As for reasonable Americans, we laugh at these people’s intolerance at our peril. Despite its radical reinterpretation of Christ’s teachings, the AFA claims a healthy number of members and their action alerts are referenced by a great many conservative partisan who, for some reason, fear gay Americans or the others that from time to time become the object of Mr. Wildmon’s unChristian venom. But this blatant prejudice should have no shelter in our land of the free.
Mr. Wildmon is free to practice his version of religion in whatever manner he prefers — just as Hindu Americans are also free to do. And Mr. Wildmon is also free to promote whatever sort of prejudice he enjoys — just as the rest of us are free to call him out for doing so.
The best defense against such vitriol is not to ignore it, but to instead point it out and call it what it is: hatred of their fellow Americans.

8 comments
Comments feed for this article
July 13, 2007 at 2:07 pm
Greg
Amen.
July 13, 2007 at 2:58 pm
robnesvacil
Mr. Blankenship,
While I appreciate your amity, your friends at Illinois Review have quoted from Mr. Wildmon on various occasions. These sorts of folks are your allies and as such, again, you can do much more to diffuse such verbal bombs than I.
–
A shout out to S-CAM who, in his divine wisdom, posted on this topic yesterday. I hadn’t yet read that folks actually interrupted a prayer to pray louder to the Lord Jesus who commanded them to love one another as themselves… (Maybe they forgot about that passage of the Bible in their haste to yell really loudly in the United States Senate.)
July 13, 2007 at 6:19 pm
David P. Graf
When you recall from the NT how Paul was gracious toward other religions in his “Mars Hill” talk and how Peter told us to be both respectful and gentle toward others who did not share our faith, then you can see from my perspective how embarassing the heckling was to the cause of Christ.
July 14, 2007 at 12:09 am
robnesvacil
Mr. Graf,
Many folks who claim to be Christian, as I wrote, incredibly do not reflect his teachings in either their words or actions — yet they swear up and down that they are. Sad, really.
This is unfortunately but one example.
July 14, 2007 at 8:53 am
David P. Graf
Well – I think there is something to be said for the comment that being a Christian doesn’t necessarily make someone perfect.

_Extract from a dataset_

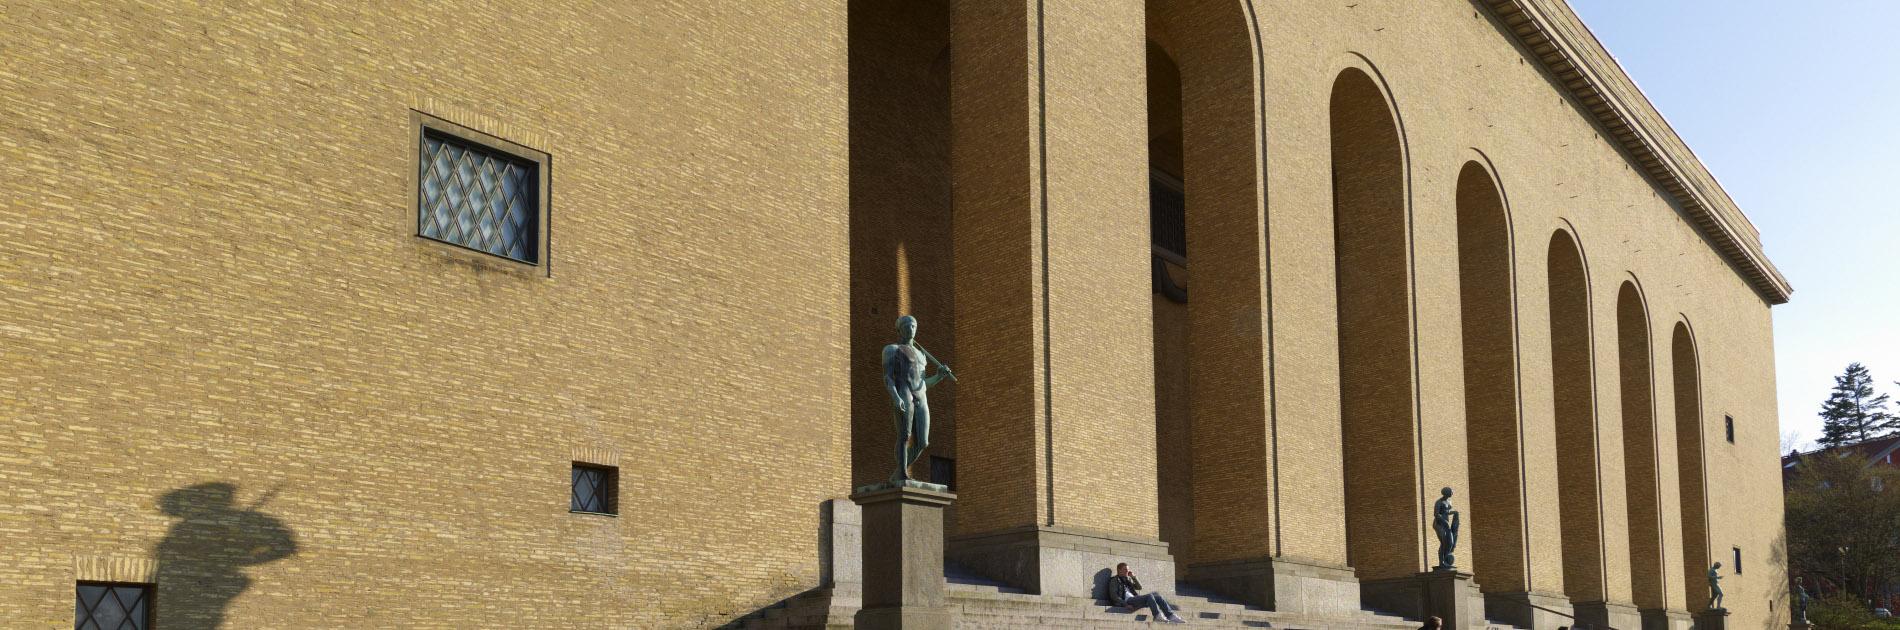 Den ljusa tegelfasaden och de sju portalerna på Göteborgs konstmuseum.

But, hopefully, it makes that person less of a SOB or jerk than he/she would be otherwise. As for my “halo”, I don’t wear it in public very often (unlike some politicians!) because I’m all too aware of my failings.
July 14, 2007 at 12:57 pm
robnesvacil
Mr. Graf,
Failings and foibles notwithstanding, folks like Mr. Wildmon and Mr. Barton claim to be purveryors of an all-knowing Truth, the only Truth as they claim.
That’s hardly “not necessarily perfect”. More like blasphemy.
July 15, 2007 at 10:48 pm
Narc
Except these people would likely claim that they are the ones fighting for the cause of Christ and it’s the moderates that allow for Hindu/Satan-worshipping to spread into the legislature.
There’s an astonishing arrogance in that statement. Christianity is not some mystical fairy dust that magically transforms people from jerks to pleasant company. Yes, plenty of Christians are nice people, but I’d submit that they were nice people anyway. Same with the jerks.
July 15, 2007 at 10:52 pm
robnesvacil
There’s an astonishing arrogance to many Dominionsts (not that Mr. Graf is one, but perhaps his own political biases blind him to it). Probably has something to do with them thinking they’re the only people who can possibly be saved during the impending Rapture (their claims to knowing said Rapture is indeed impending being, of course, blasphemous as they pretend to know the Will, and indeed the Very Plan, of God).